I don't think any reasonable person thinks Stepuchin was being malicious. I've seen him in person and he instead comes off, in my personal opinion, as the type of person who craves attention and goes after it any way he can. There are quite a few people like that within the scope of any particular WSOP. In Stepuchin's case, however, he doesn't yet understand that even what he asked for from Amstalden, to join his prank video, also carried misogynistic undertones. Amstalden might even share some of Stepuchin's viewpoints, but when she's representing her employer, the employer's viewpoints and corporate reputation come into play as well. As do those state licensing codes, perhaps above all else.

If Stepuchin's "Our country is getting too soft" is how he defends misogynistic behavior, then that's a problem. It's unfortunately yet another facet of a large, large sexism issue that poker struggles to address. It's not going to get totally fixed any time soon, much as anyone might hope.

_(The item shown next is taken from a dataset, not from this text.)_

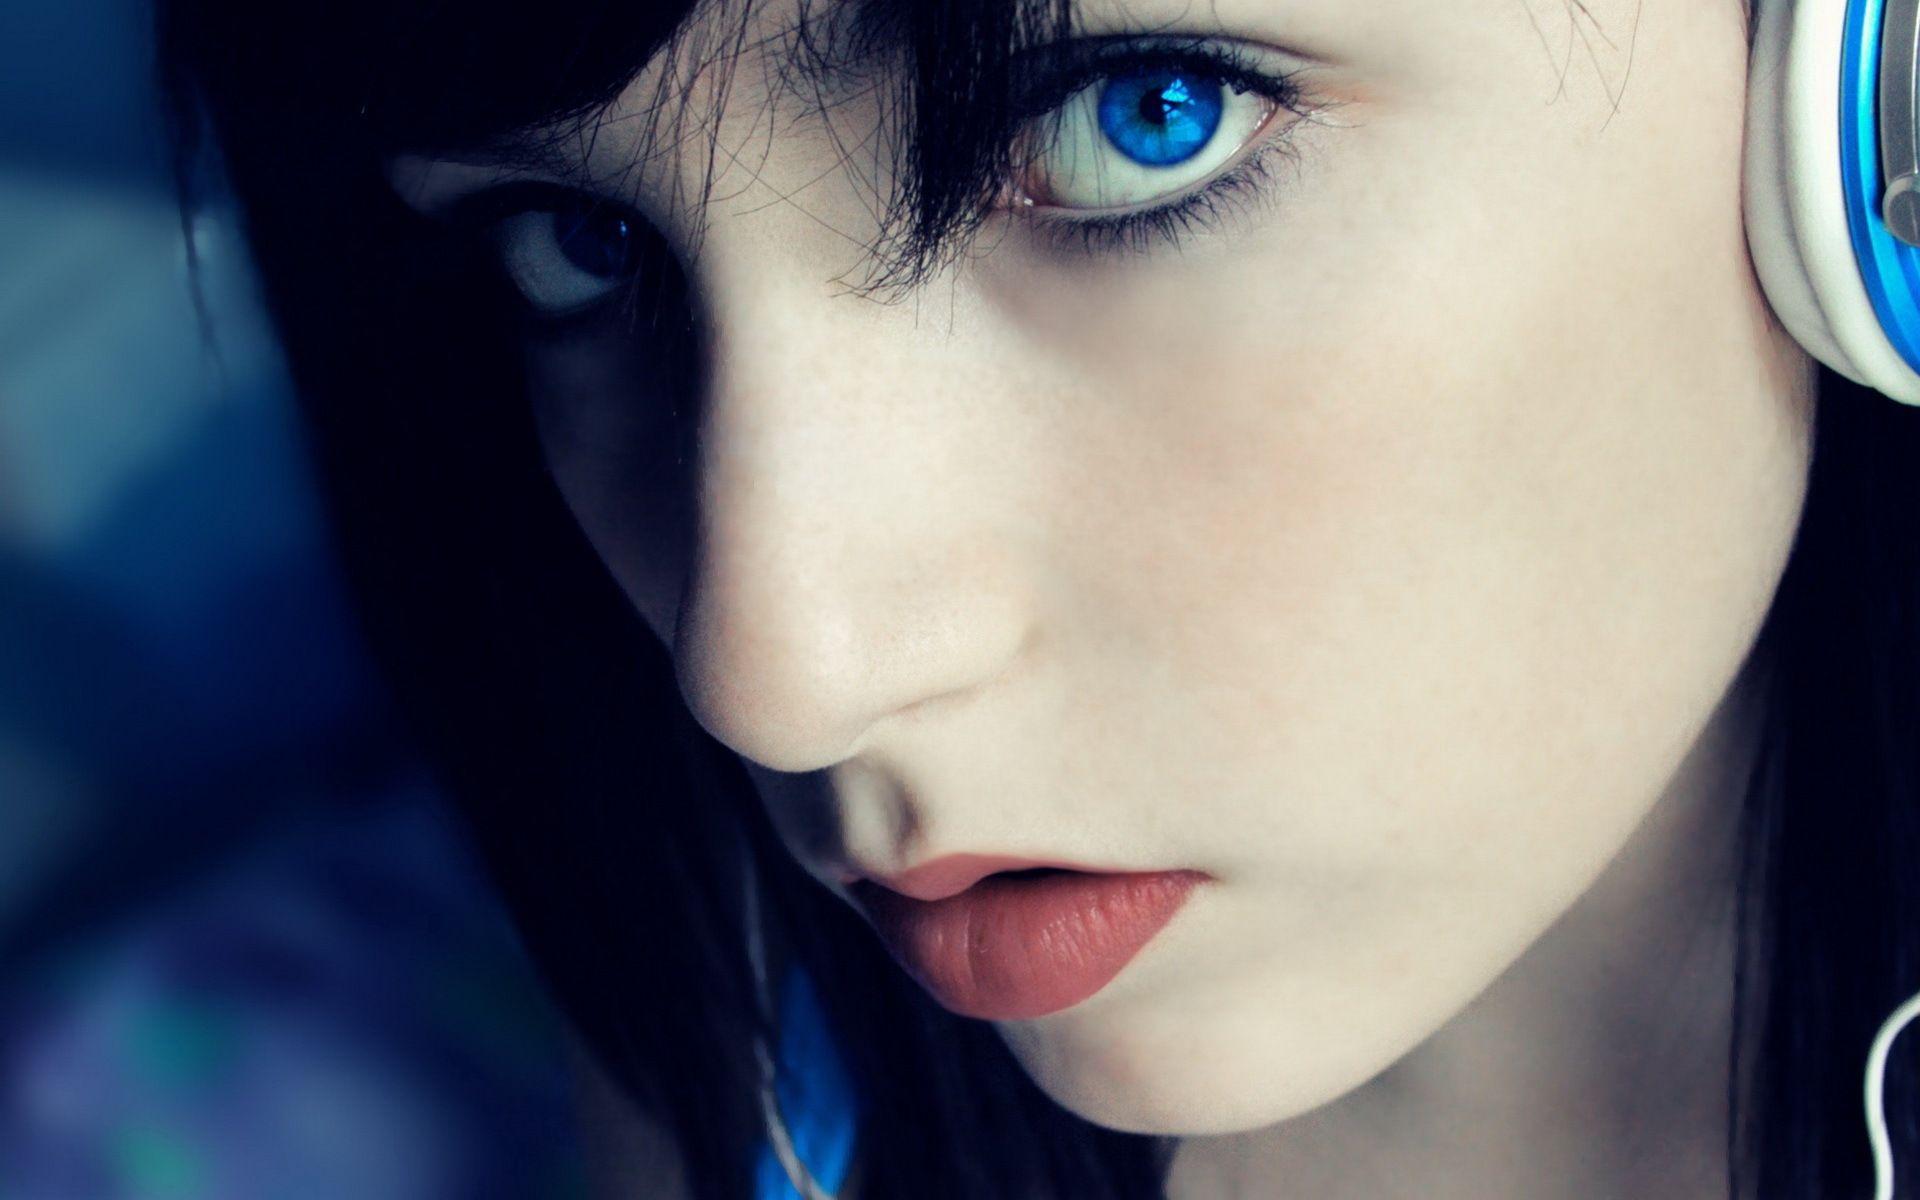 Eyes wallpaper. Eyes wallpaper, Black hair blue eyes, Girl with headphones

Stepuchin does deserve some credit amid the quagmire. He started a GoFundMe to try to raise living expenses for Amstalden after her planned WSOP summer work ended rather badly. Stepuchin himself, according to information posted at that fundraiser, has also given Amstalden $5,000 to help defray her immediate living expenses. It's still an unfortunate situation all around, with no easy or good solution to be had. Mistakes have consequences, indeed. Most of us are just fortunate enough to have dodged situations such as this, where a minute or so of unthinking can undo a good chunk of a lifetime's effort. It saddens me, as I'm sure it does many others. And remember, in this particular episode, none of our personal opinions really matter much at all.